Wednesday, October 11, 2017

Tarantula Nebulae - Bubbles

Tarantula Nebula

     At a distance of 160,000 light years, the large Magellanic cloud is one of the Milky Way's closest companions. It is also home to one of the largest and most intense regions of active star formation known to exist anywhere in our galactic neighbourhood - the Tarantula Nebulae. This NASA/ESA Hubble Space Telescope image shows both the spindly, spidery filaments of gas that inspired the region's name, and the intriguing structure of stacked bubbles that forms the so called HoneyComb Nebula

The Honey comb Nebula was found serendipitously by astronomers using ESO's New Technology Telescope to image the nearby SN1987A, the closest observed supernova to Earth for more than 400 years. The Nebulae's strange bubble-like shape has baffled astronomers since its discovery in the early 1990. Various theories have been proposed to explain its unique structure, some more exotic than others.

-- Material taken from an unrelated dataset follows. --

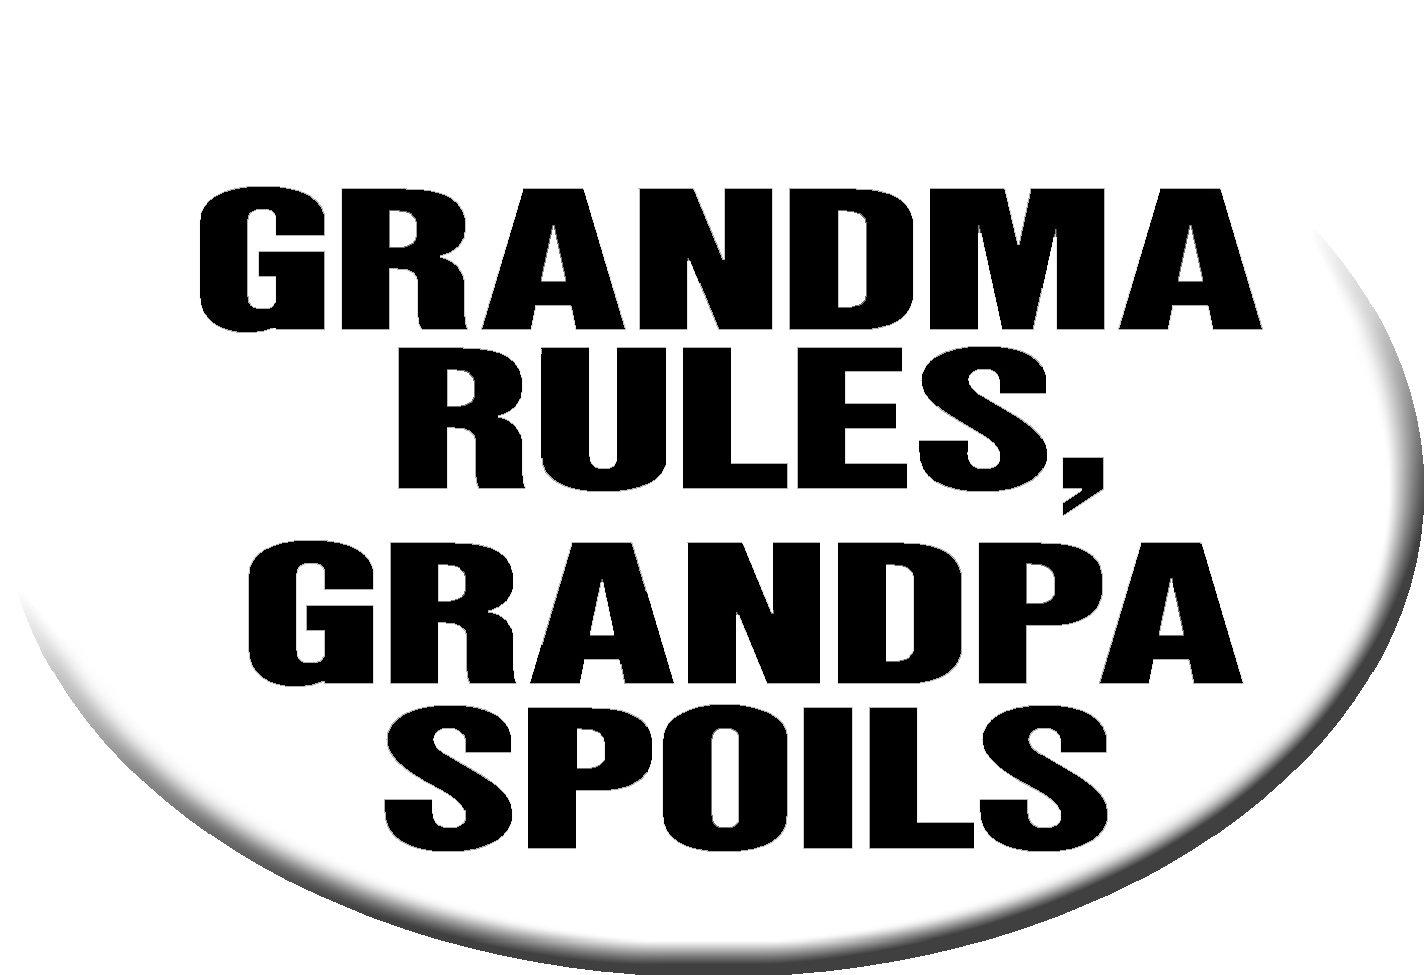 Grandpa Spoils Hitch Cover Grandpa Spoils/' Hitch Cover Knockout 247 Grandma Rules

In 2010, a group of astronomers studies the nebula and using advanced data analysis and computer modelling, came to the conclusion that its unique appearance is likely due to the combined effect of two supernovae - a more recent explosion has pierced the expanding shell of the material created by an older explosion. The nebula's especially striking appearance is suspected to be due to a fortuitous viewing angle; the honey comb effect of the circular shells may not be visible from another viewpoint.